Exhibition11 : hus | hav – video by Amalie Smith
Mikael R Andreasen on Exhibition11:
“Some friends of mine recently recommended a book by Amalie Smith. I went to a book store and bought it. It’s good. However, Amalie does not only write good books, she also makes video projects. The one presented here was made in 2009. I did not discover it until August 2012, but liked it immediately. Having now watched it maybe five or six times, I am still not sure exactly why I like it so much. I tend to think that it has to do with the flow and intonation of the words, but as I said, I am still not sure.”
For those of you not understanding Danish, here is an English translation of the words in the video:
THE WEST COAST RETOLD
Here is the place. I came here every summer. Itʼs been three years since I was here last. I return in October. The place looks like itself. The experience is different. Iʼm filming. There is something Iʼd like to retain.
The place. We stay here for five days. We are a family but not like we used to be one. My brother and I are adults now. We arrive at the house some time in the afternoon. Since summer, itʼs been empty, but no dust has fallen, there is no dust in the air this close to the ocean. I think that time passes slower here; Iʼm used to measure it in change.
We open the house; we fill the fireplace with firewood and the pipes with water. Here, there is no chalk in the water. The windows are greased by salt. Perhaps, there are dead mice and butterflies on the floor in the attic. There is sand on the floor in the laundry.
We used to play a game when we arrived at the house. My mother asked me, if I could see how much closer the sand dunes had moved since last year. I told her that I could. But it was difficult; my body grew as well. The landscape was smaller every time I visited it.
Even the game we played gradually diminished. I could hear in the way my mother asked the question that the sand dunes were moving slower every year. Eventually, she did not ask how close they had come. The landscape had stopped moving.
A map is hanging above the table in the room where we eat. A copy of a hand drawn cadastral map from 1880. It has been hanging there as long as I remember. My mother points at our cadastral. The sea is far from it.
For many summers, she has pointed to the map, shown where the coastline runs, where it runs now, explained about the sea, which eats at the coast. Every year, I understood it in a new way. Then I forgot about it again.
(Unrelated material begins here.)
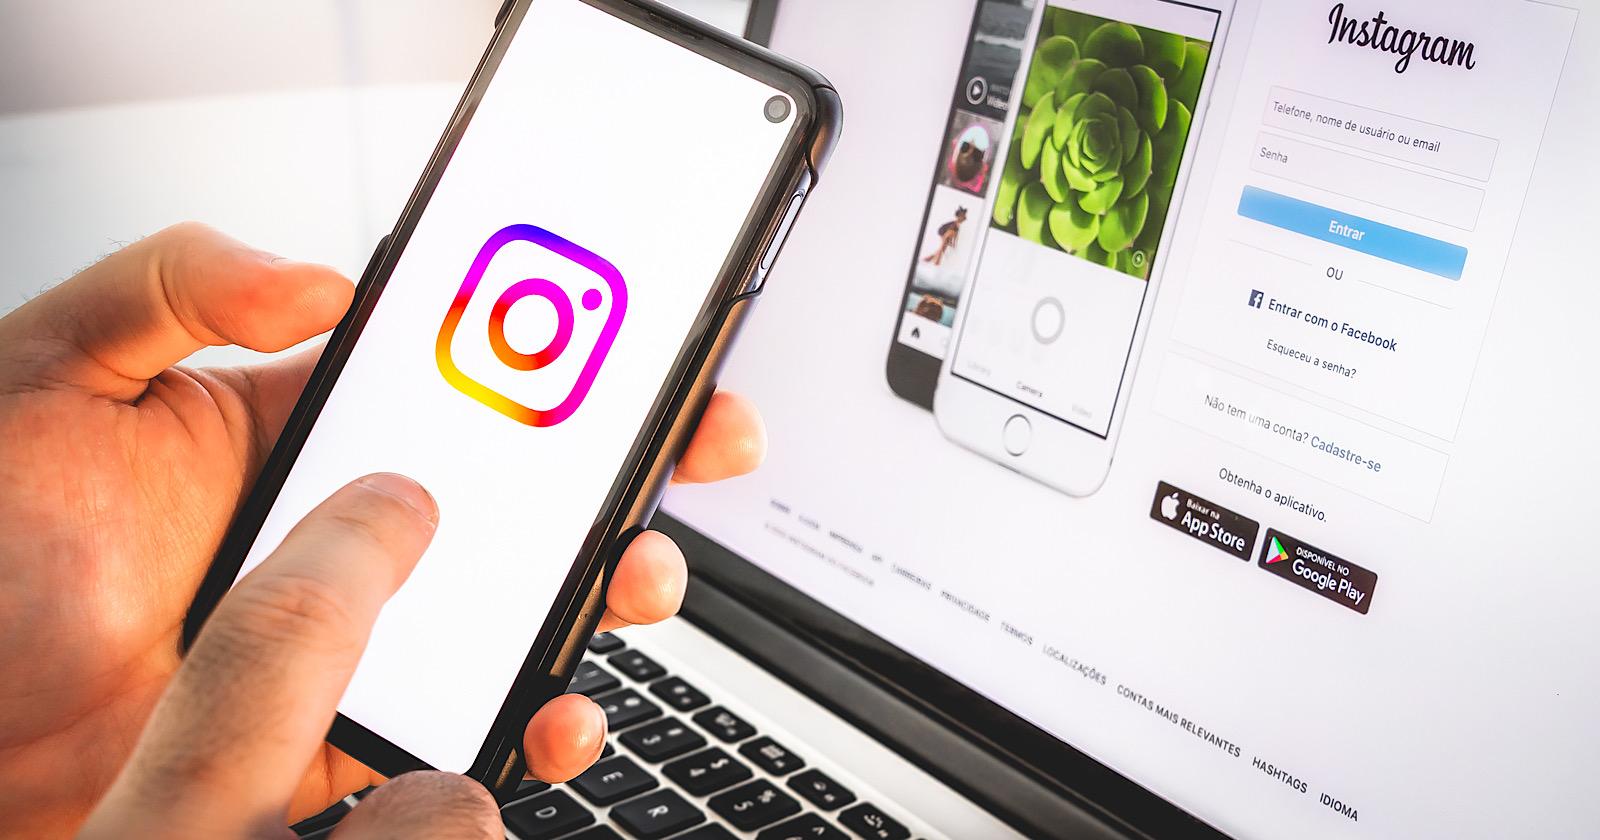 Instagram nói rằng các trang web có thể cần sự cho phép để nhúng ảnh 5
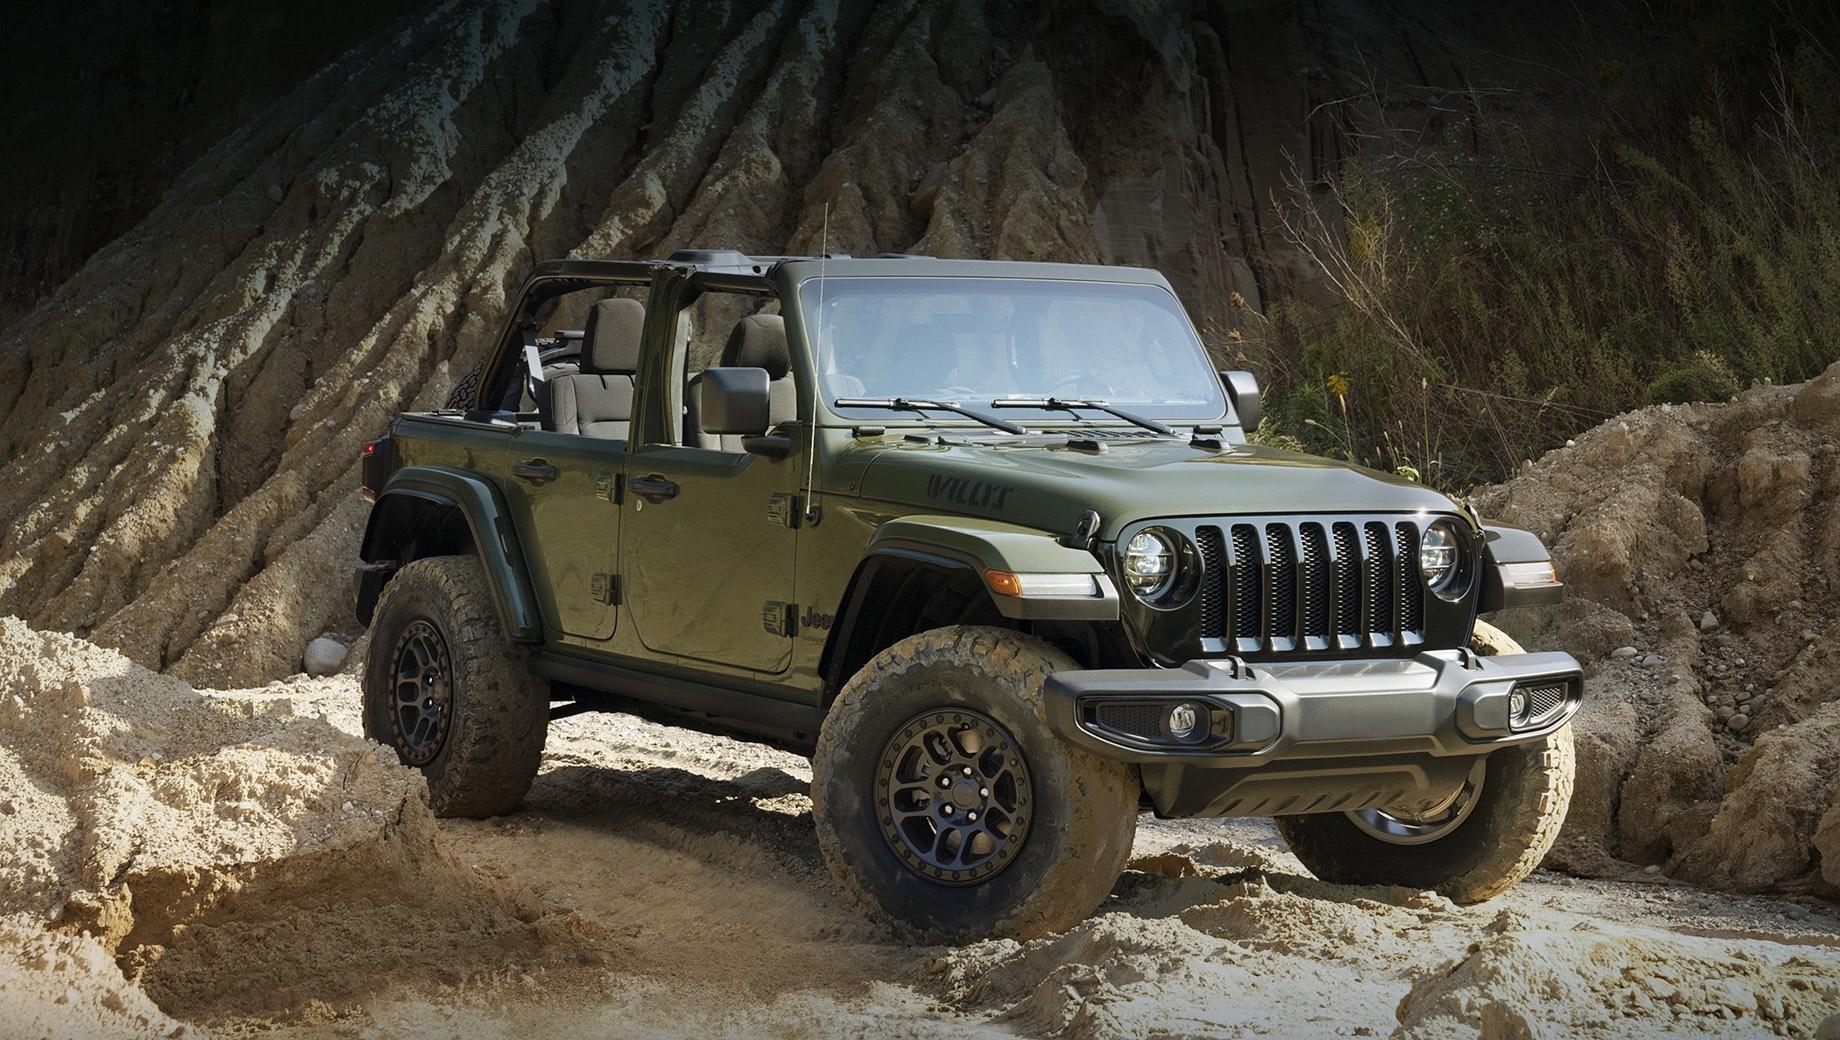 Jeep wrangler. Wrangler с клиренсом в 12,9 дюйма (328 мм) задуман как сюрприз для фестиваля Detroit 4Fest, который пройдёт 25–26 сентября в деревне Холли. Исполнение Willys наряду с цветом хаки (Sarge Green) окрашивается ещё в восемь оттенков с теми же наклейками на капоте.

I ask about the map, where it comes from, who has brought it to the house? My mother does not know. Perhaps, itʼs her parents, she says. Perhaps, the map hung in the house when they bought it in 1970. Now it is a part of the place, like the history of the landscape and like the distance to the sea.
I go for a walk along the beach towards the church on the cliff. Iʼve brought my video camera, and I film – waves, groynes, seagulls, houses. In this area, the sea has been eating of the coast. The church was in the middle of its parish. The bunker was on top of the cliff. The house was inside the country. Now, itʼs close to the sea. One would think that the landscape is in motion. But as said: itʼs stopped moving.
We go to the Coast centre; a half hour drive north. I discover that my parents do not know as much about the coast and the sea, as I thought they did. They have always said that the sea eats. It erodes. It moves material. Our sand is being moved towards the south to the coastal mudflats in the Wadden Sea.
I want to read the texts at the exhibit on my own, free from my parentsʼ comments. I have my hands full correcting my own voice, my own experience of the landscape. Of the groynes, for example. To me they are bridges going out into the water. They are places you can fish. They are a means to get into the waves without drowning.
The first groynes were laid out in a place, which is now 100 meters beyond the coastline. It was in 1875. They had hoped these would stop the erosion.
In 1974, the state made its first efforts, laying out sand to compensate for natural erosion. Through the eighties, the amount of sand was gradually increased. Now, every year, 2.5 million cubic meters of sand is being thrown onto the beaches along the west coast. I have seen it happen by our house. Their ships suck up sand from the seabed and move it onto the beach through long pipes.
The distribution of sand to compensate for natural erosion has brought the erosion to a standstill. It secures the landscape through a reversed movement. A staying retelling of the area as it looked when I was child in the eighties.
When I, during my vacations in the house, have looked at the sea and tried to imagine the landscape which used to be there before, I never considered including the first groynes, lying furthest from the coastline. Nor all the different beaches which have existed in different places, and in different levels. Nor all the phases of houses drowning.
The past is not just one landscape but many landscapes, that cannot co-exist – which would fill the world with material, if they did. Everything is in motion, the sand, the coast, the houses. To see through time would be to see a floating landscape.
I measure the distance between the house and the range of dunes. 26 meters. If the state hadnʼt fed the coast then today the beach and the dunes would have moved 40 meters inland. I work out that the house would have fallen into the sea the year I turned 16.